■ **Work to be completed**:
Skip the pictures. Quote every line below, exactly, from the one with "Image 2 of 3" through the final line.

■ **The data**:
■ ■ ■ ■
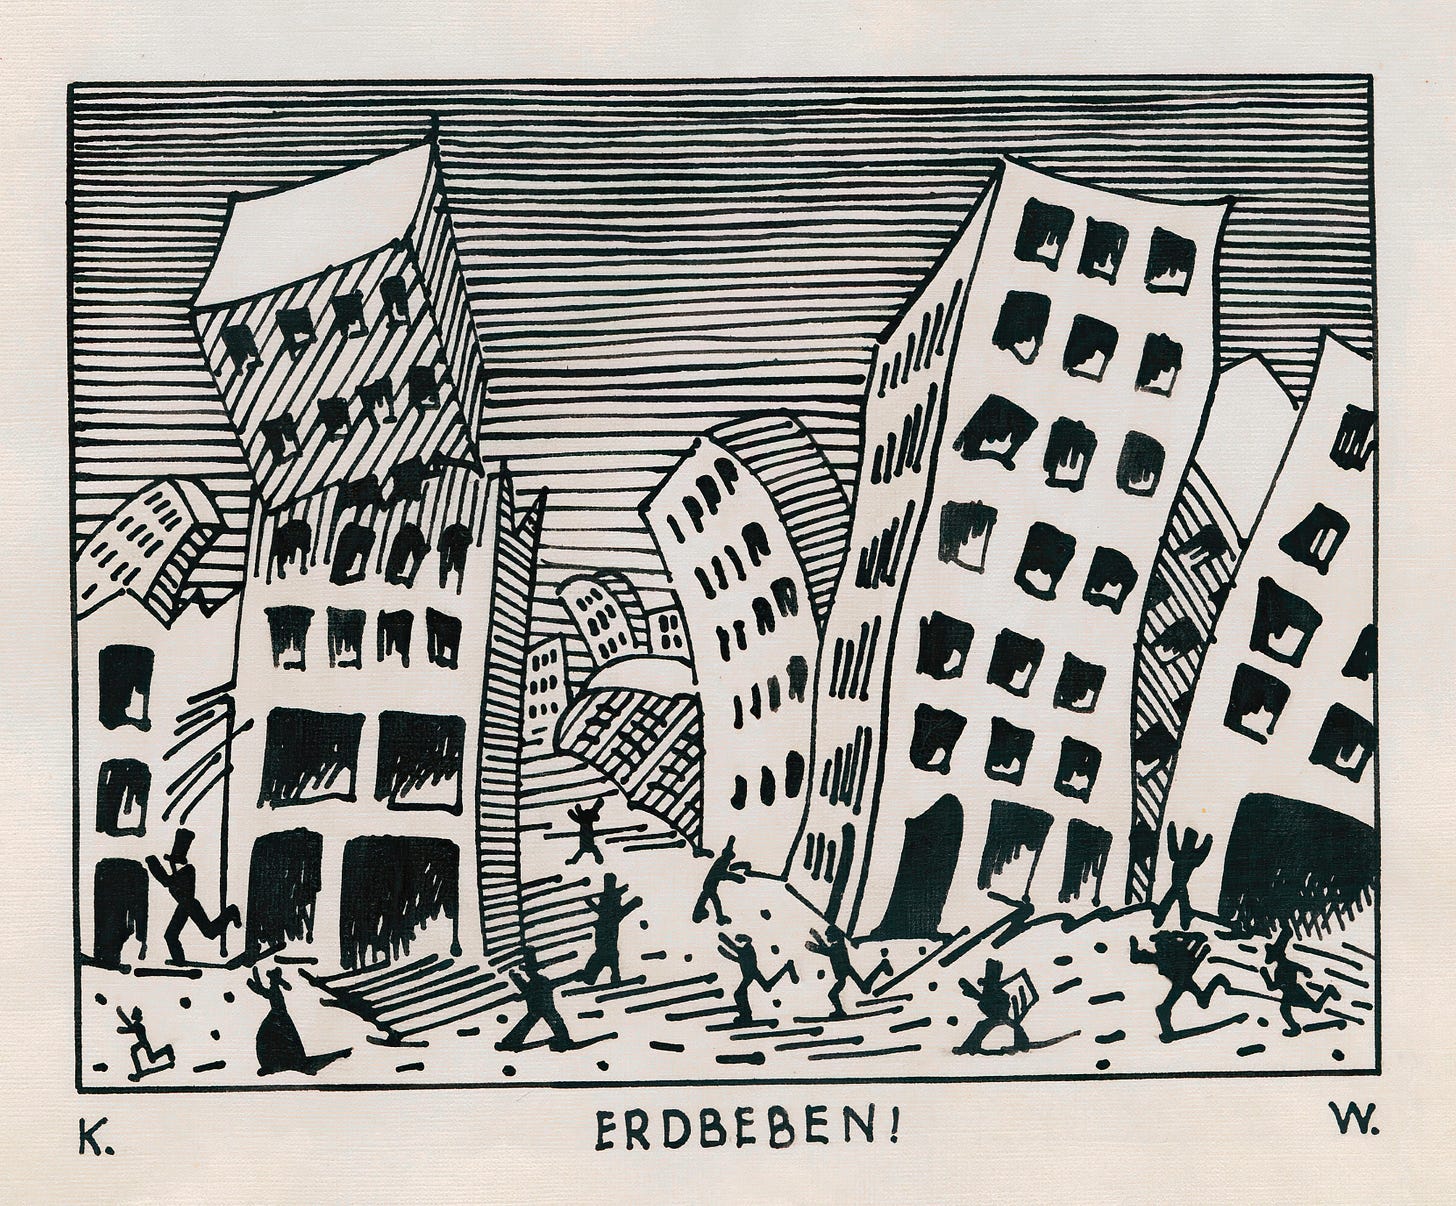 Erdbeben (around 1922)by Karl Wiener
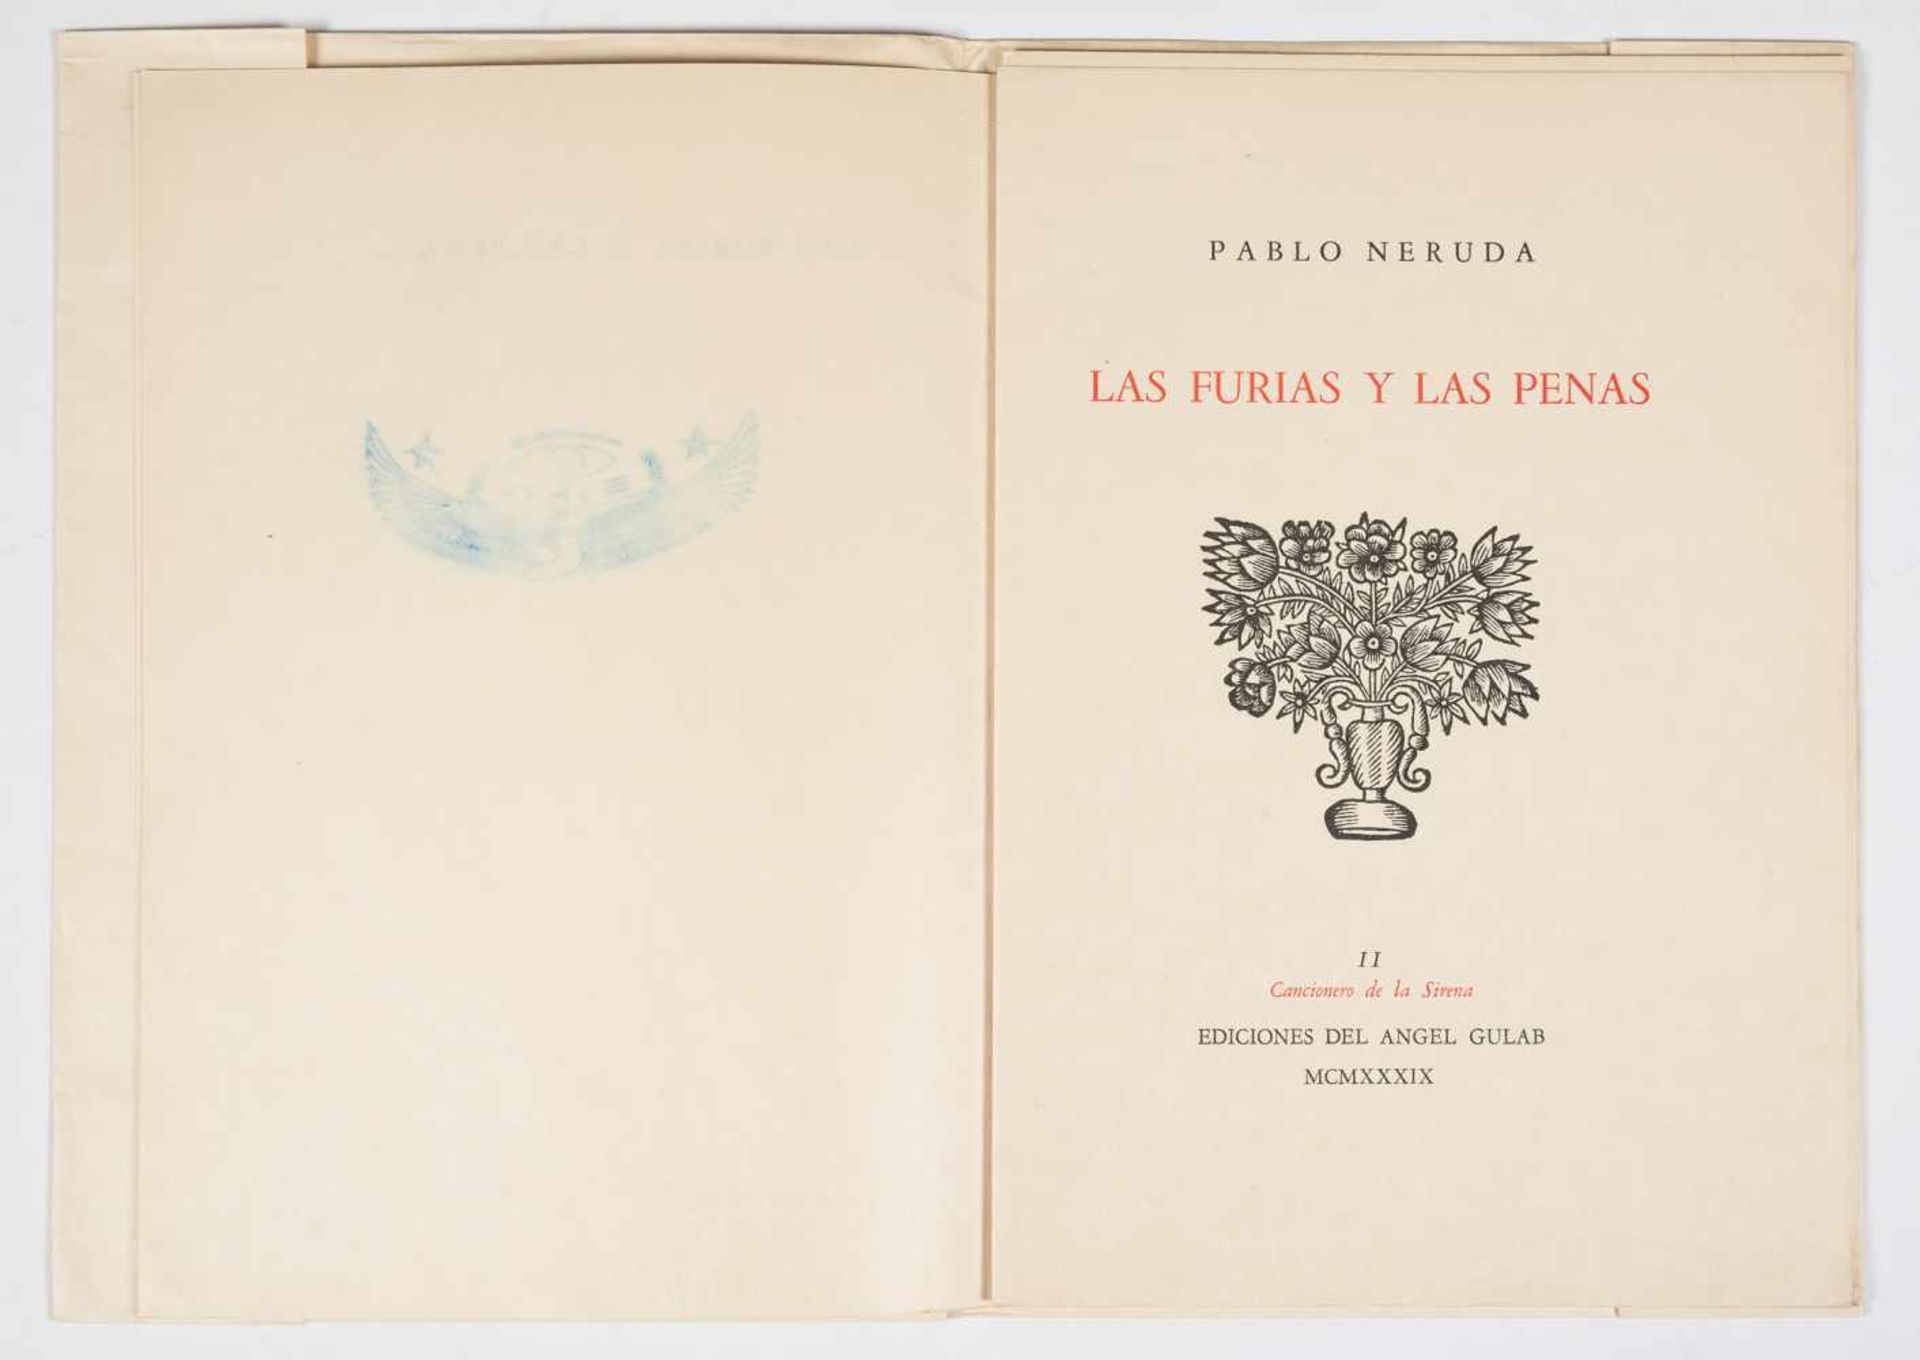 Neruda, Pablo. "Las furias y las penas". 1st edition. Buenos Aires: Published by Ediciones del Ángel - Image 2 of 3
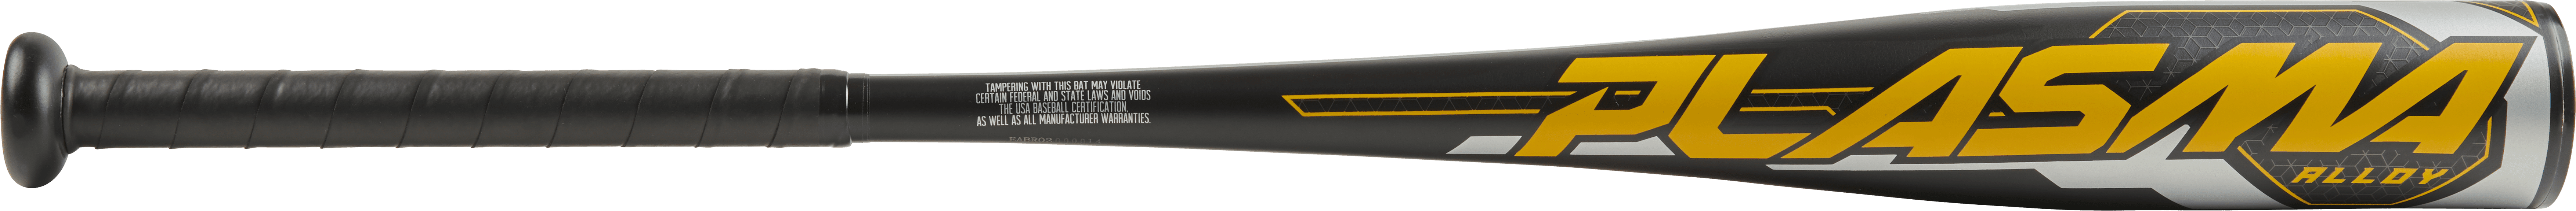 Rawlings Plasma USA Youth Baseball Bat, 30 inch (-9 Drop Weight)
■ ■ ■ ■
■ **Answer for the task**:
 Neruda, Pablo. "Las furias y las penas". 1st edition. Buenos Aires: Published by Ediciones del Ángel - Image 2 of 3
 Rawlings Plasma USA Youth Baseball Bat, 30 inch (-9 Drop Weight)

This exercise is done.